◆ **Work task**:
Transcribe, starting at the line with "Infografía Clicc Ley" and ending at the line with "农夫山泉 饮用天然水 瓶装 380mlX24瓶 整箱", every line of the material below exactly, but leave out the pictures and anything outside that span.

◆ **Provided records**:
......
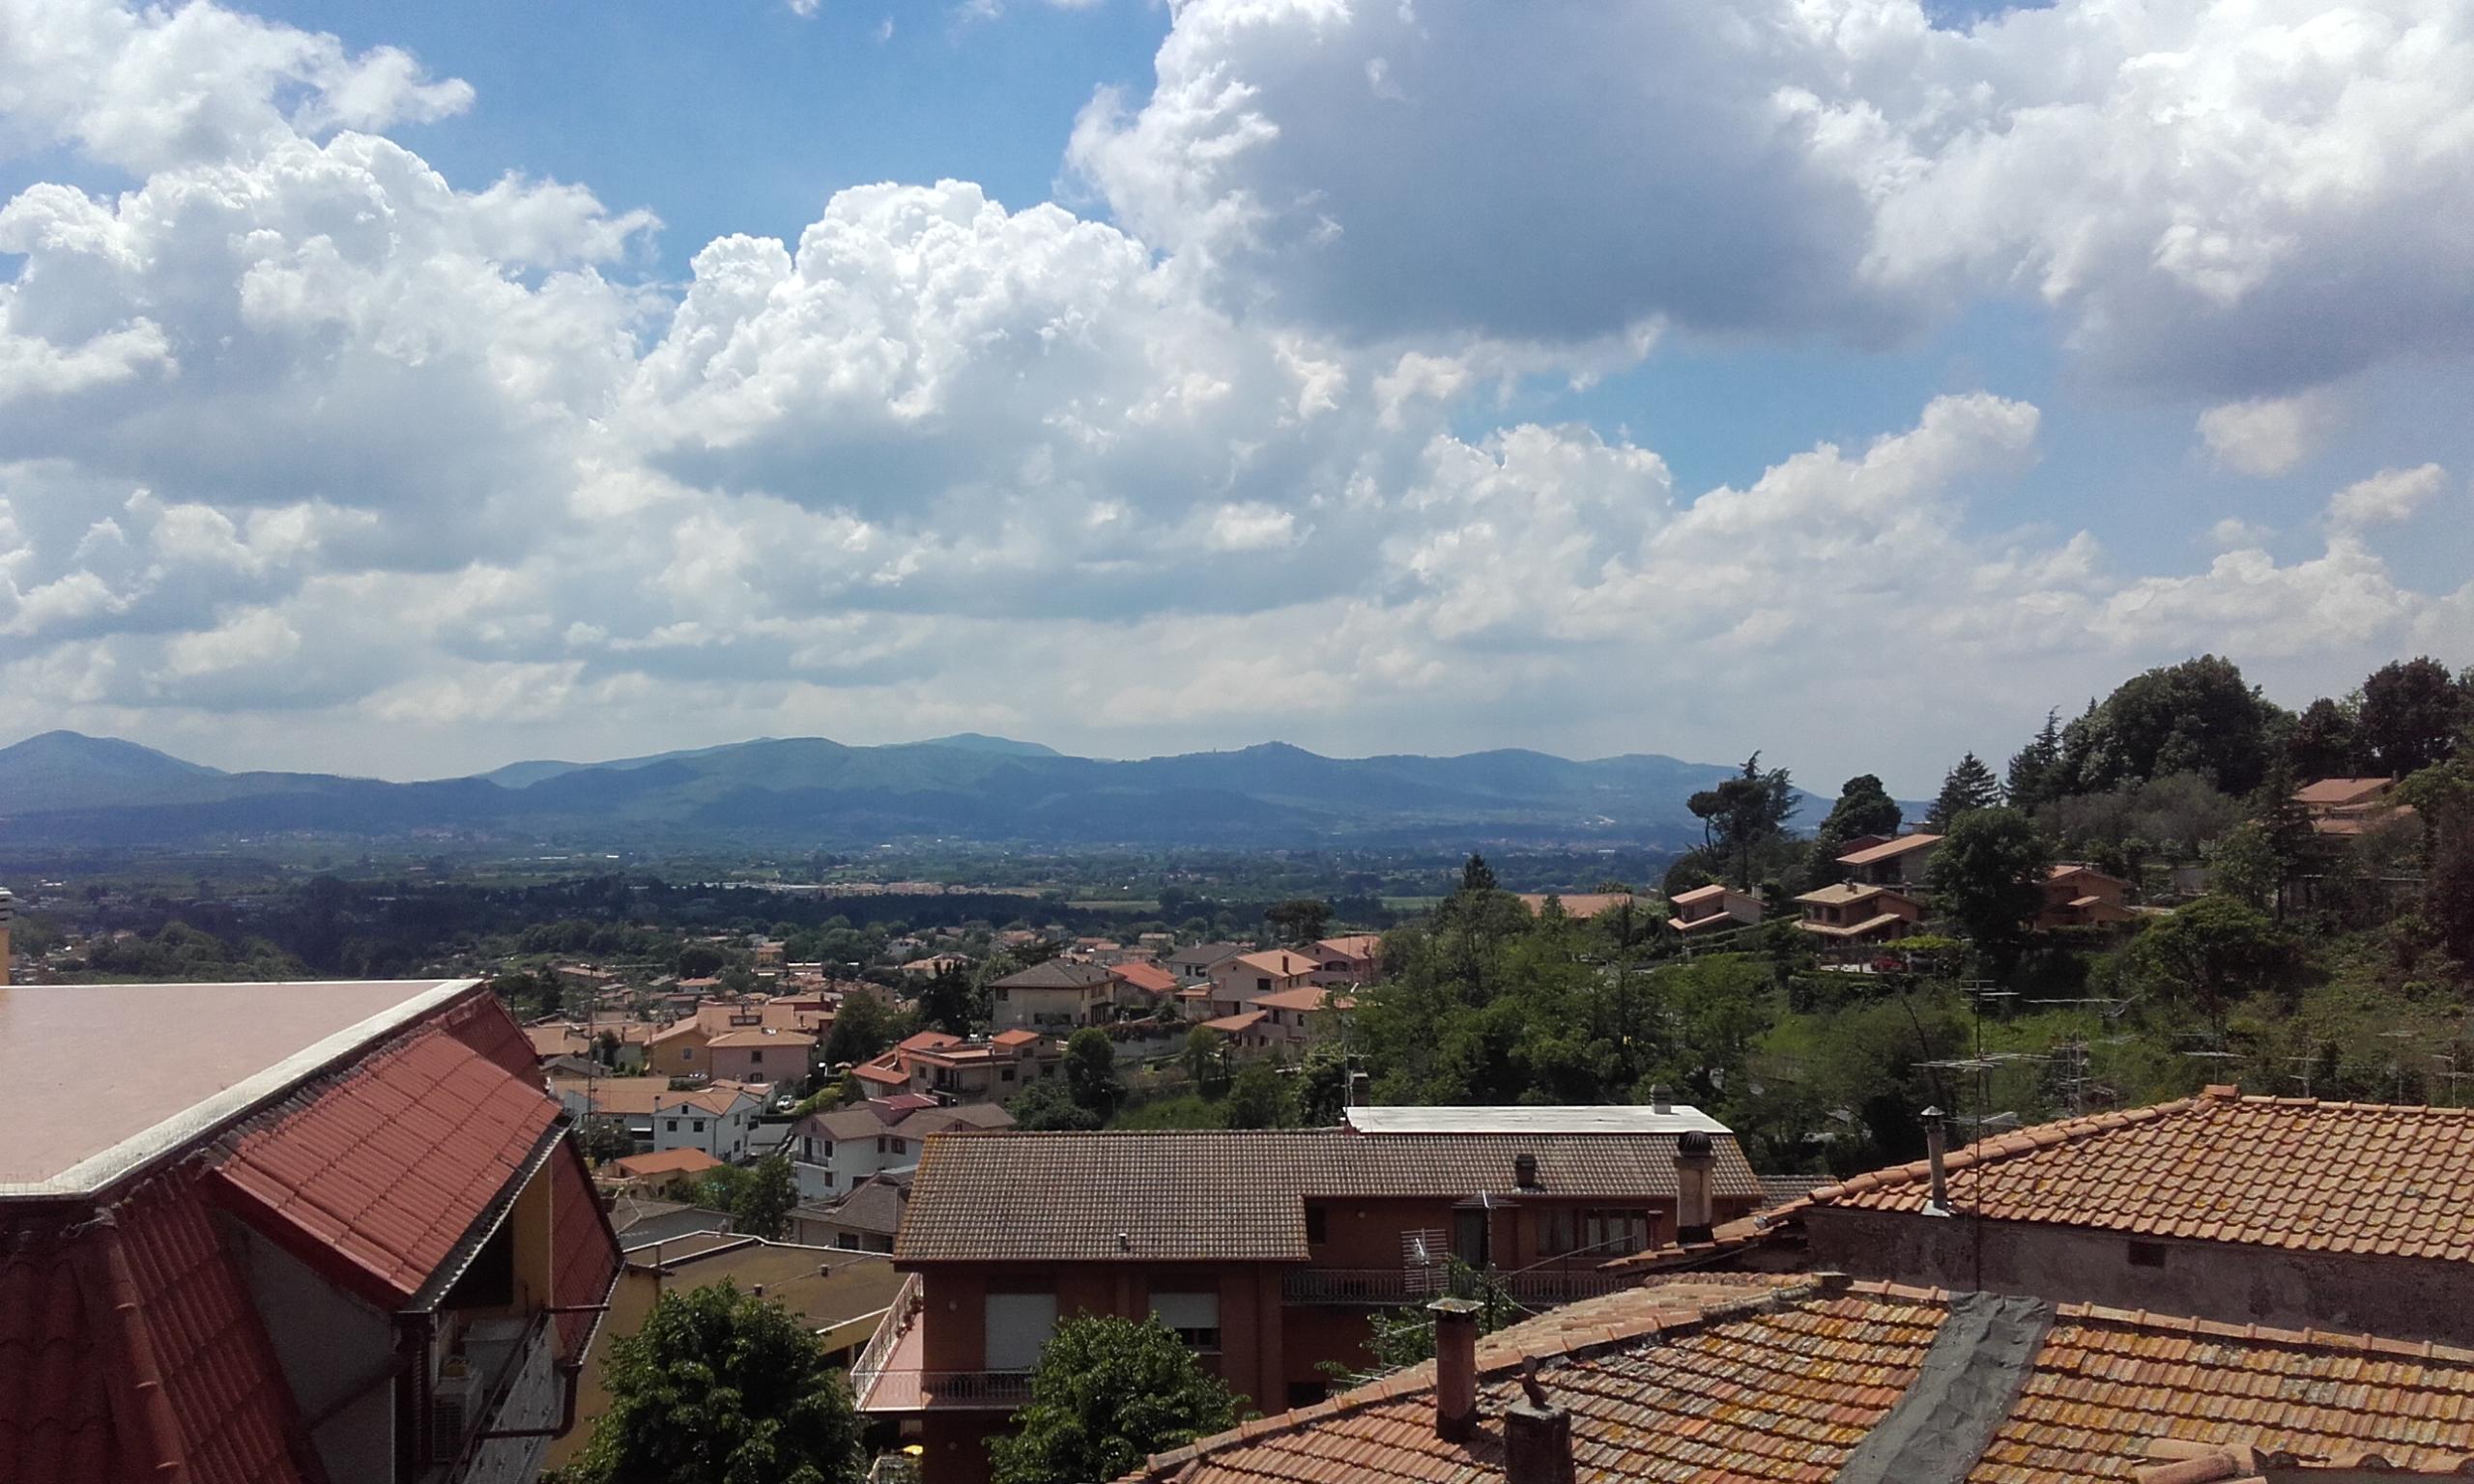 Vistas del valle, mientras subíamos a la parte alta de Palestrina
......
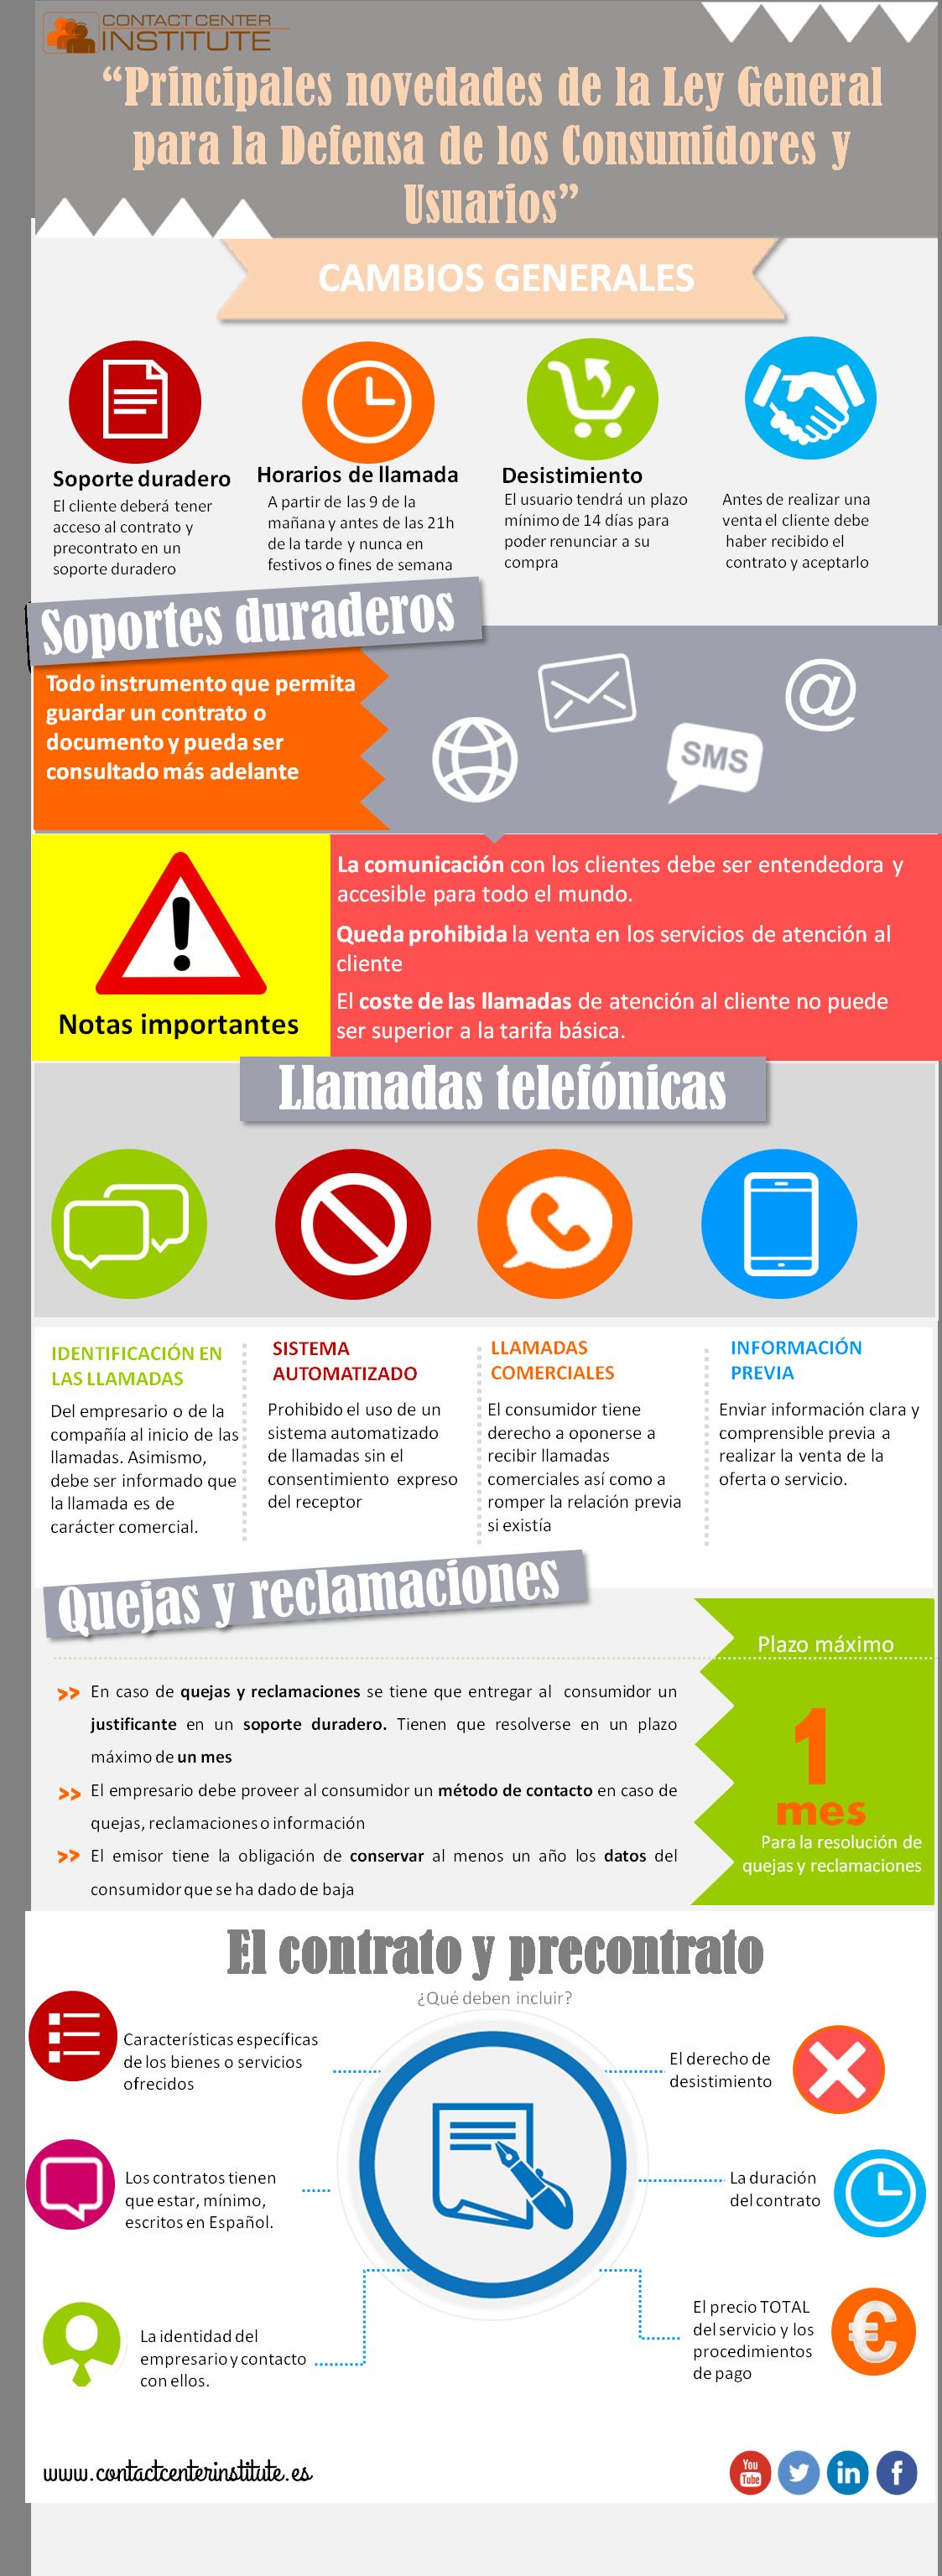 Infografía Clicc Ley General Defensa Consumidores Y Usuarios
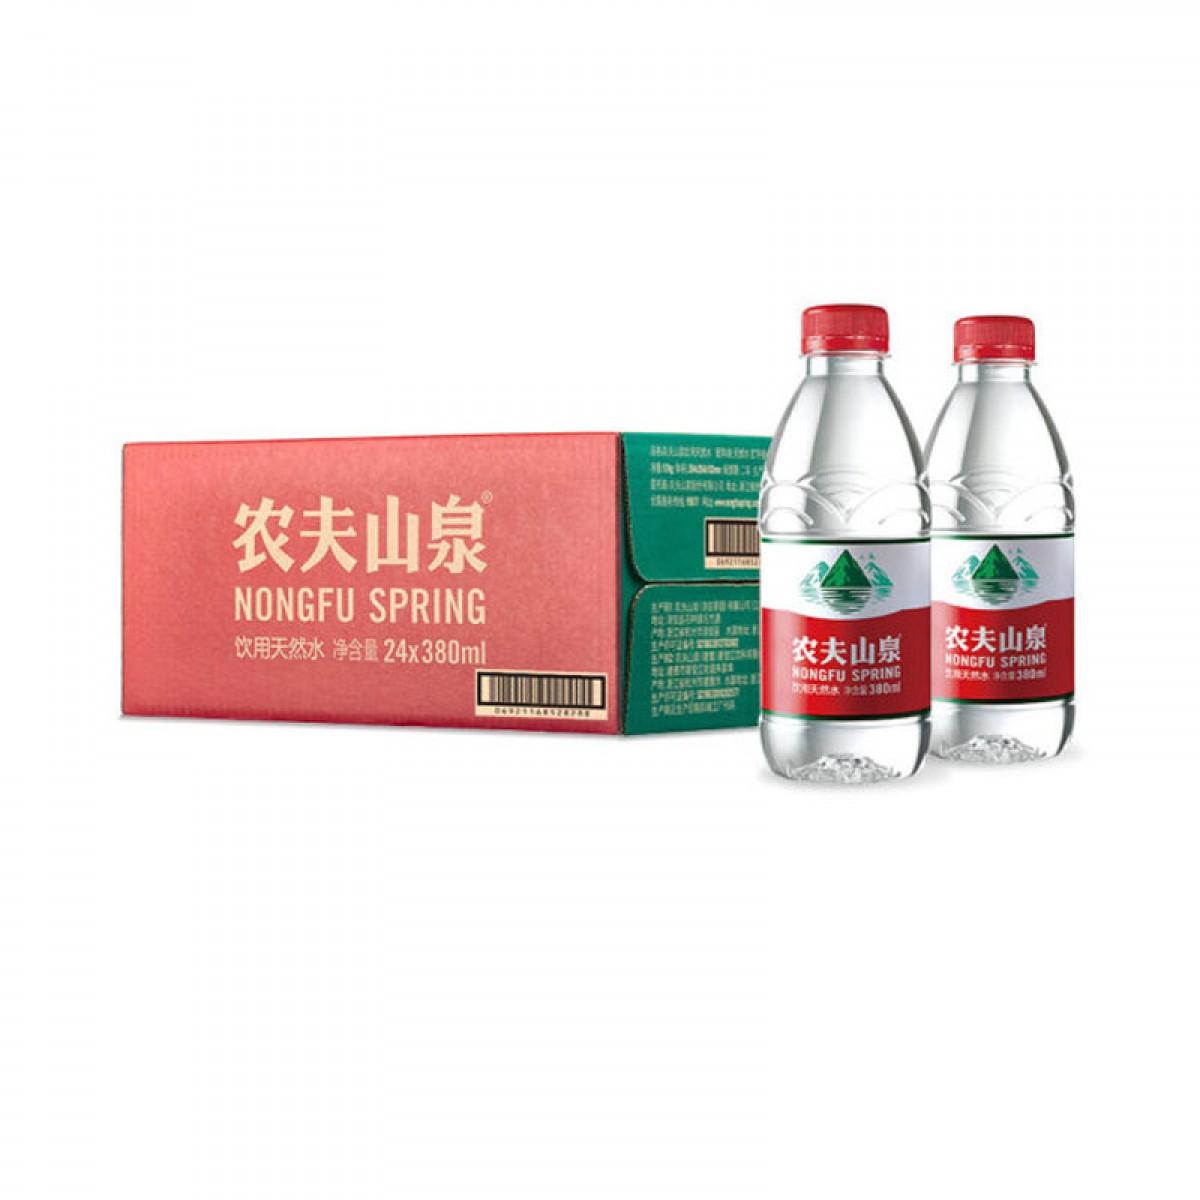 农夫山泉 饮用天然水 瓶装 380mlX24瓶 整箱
......
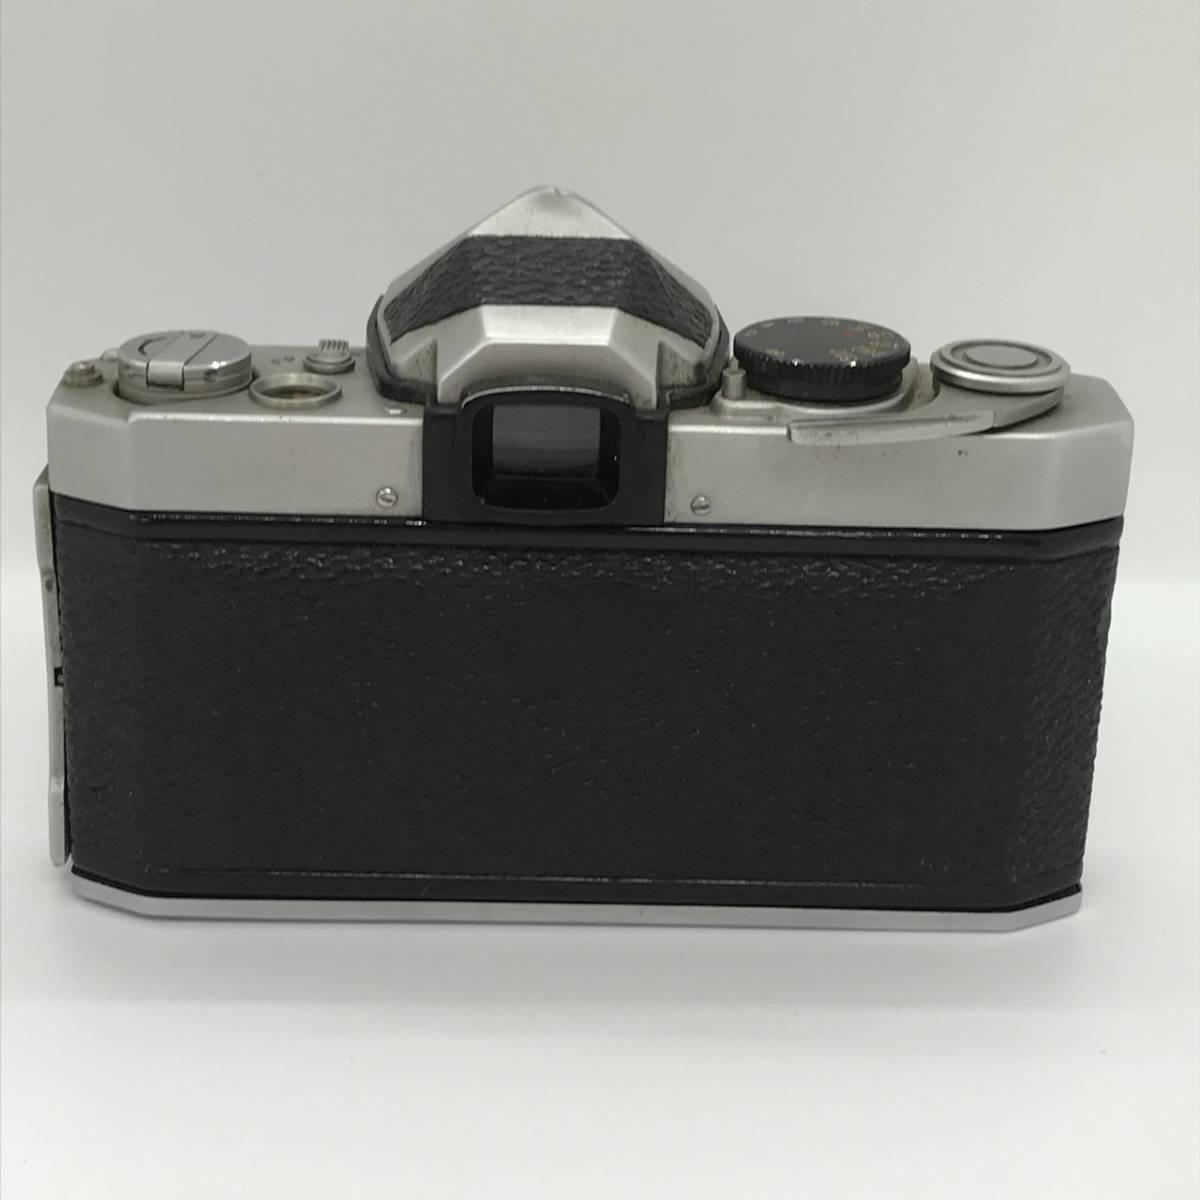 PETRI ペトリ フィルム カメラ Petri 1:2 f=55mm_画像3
......
◆ **Answer box**:
 Infografía Clicc Ley General Defensa Consumidores Y Usuarios
 农夫山泉 饮用天然水 瓶装 380mlX24瓶 整箱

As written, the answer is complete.